Algorithms have been proposed to find experts in Wikipedia. One such study attempts to find experts in Wikipedia content or among Wikipedia users [37]. It uses semantics from Wordnet and Yago in order to disambiguate expertise topics and to improve the retrieval effectiveness. However, this study is unable to use the standards proposed for the evaluation of retrieval systems, as relevance assessments are required for representing the ground truth for a list of queries. Furthermore, none of the IR evaluation metrics can be used, since relevance judgments are not available on the Wikipedia collection or the list of queries to run. A relevant initiative to this task is the Web People Search task, which was organized as part of the SemEval-2007 [38] evaluation exercise. This task consists of clustering a set of documents that mention an ambiguous person name according to the actual entities referred to using that name. However, the problem here is that the evaluated task is people name disambiguation and not expert finding. The INEX initiative [39], which provides an infrastructure for the evaluation of content-oriented retrieval of XML documents based on a set of topics, is also relevant but does not consider the expert finding task. To accomplish this task, the study aims to build a gold standard via manually and voluntary defined expertise profiles by Wikipedia users.

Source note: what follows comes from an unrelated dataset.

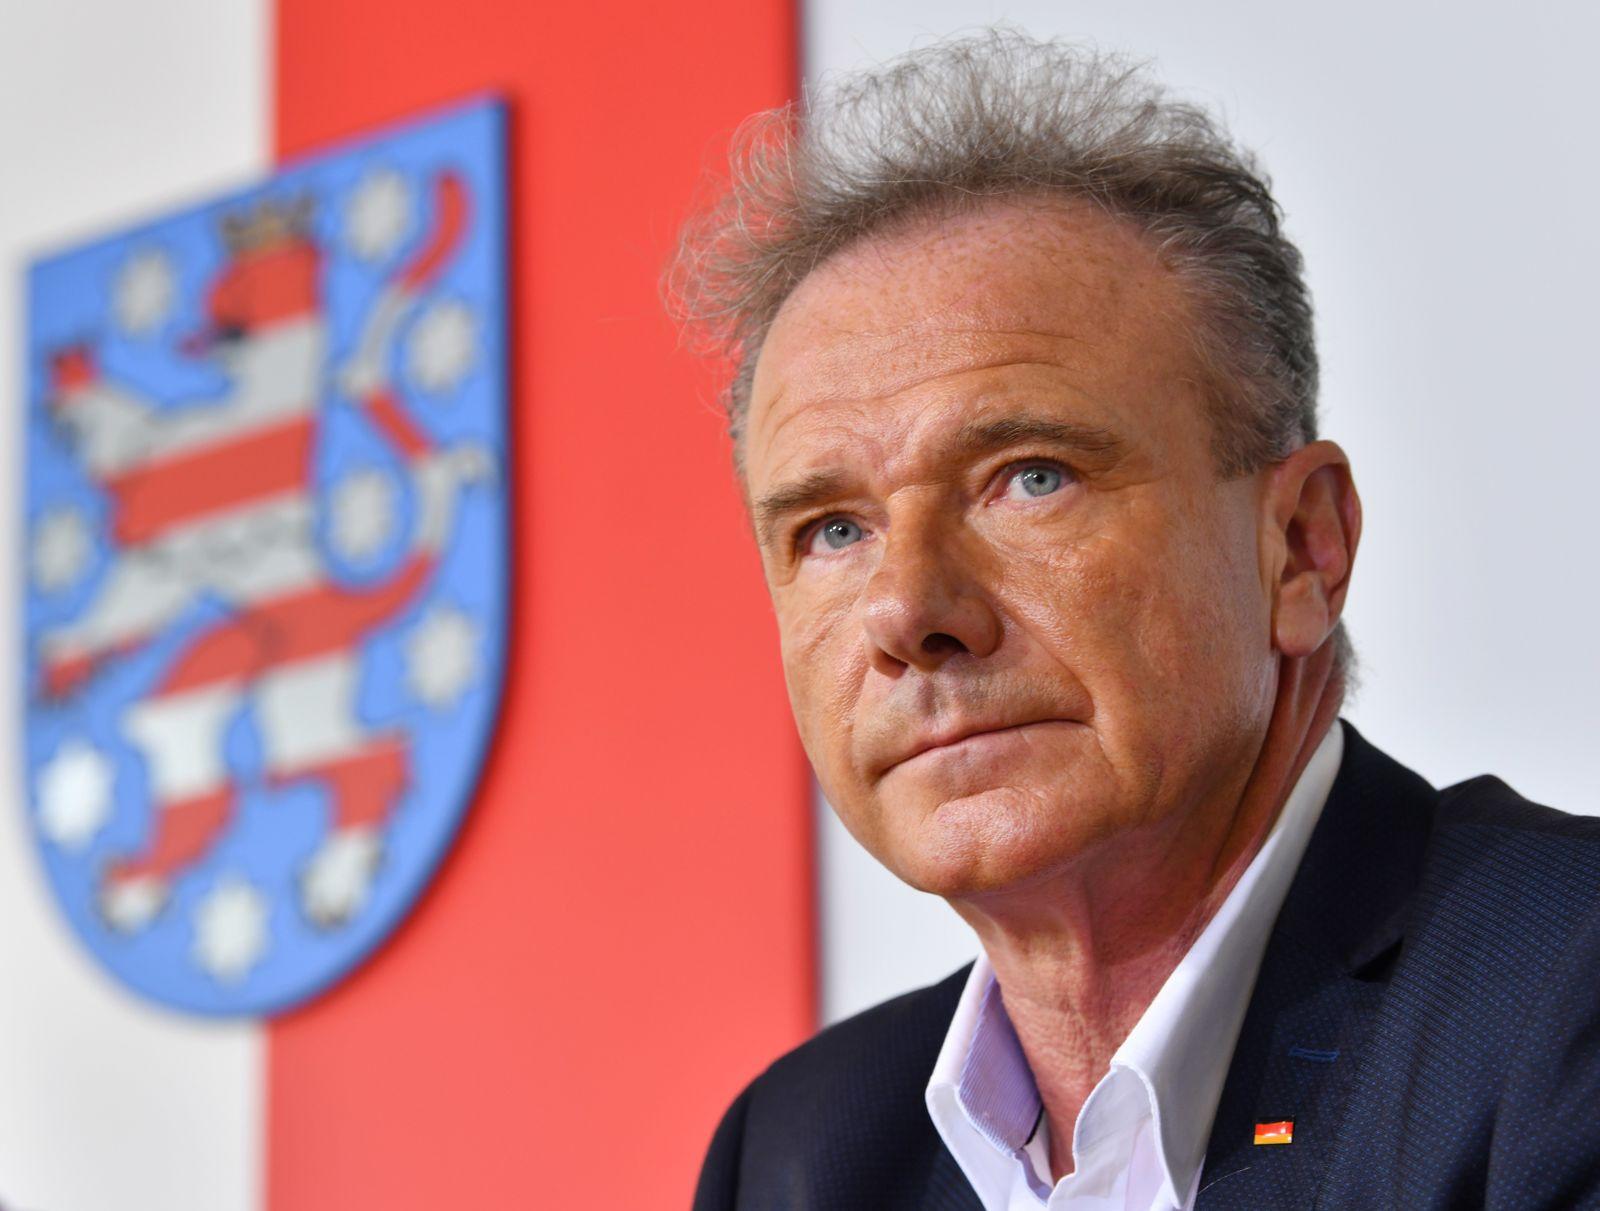 Thüringer CDU-Landtagsabgeordneten Michael Heym

Such studies contribute to the task of expert finding and in the majority of cases, propose methods for finding experts, given a query or knowledge area in which experts are sought. Not only is expert finding a different task to expert profiling, but the methods applied in such studies rely on a large corpus of static documents (e.g., publications) and therefore are not suitable in the context of shorter text, such as micro-contributions in the context of living and evolving documents. Another study, which introduces the task of expert profiling, also relies on queries for extracting expert profiles [40]; the first model uses traditional IR techniques to obtain a set of relevant documents for a given knowledge area (query) and aggregates the relevance of those documents that are associated with the given person. The second model represents both candidates and knowledge areas (queries) as a set of keywords and the skills of an individual are estimated based on the overlap between these sets.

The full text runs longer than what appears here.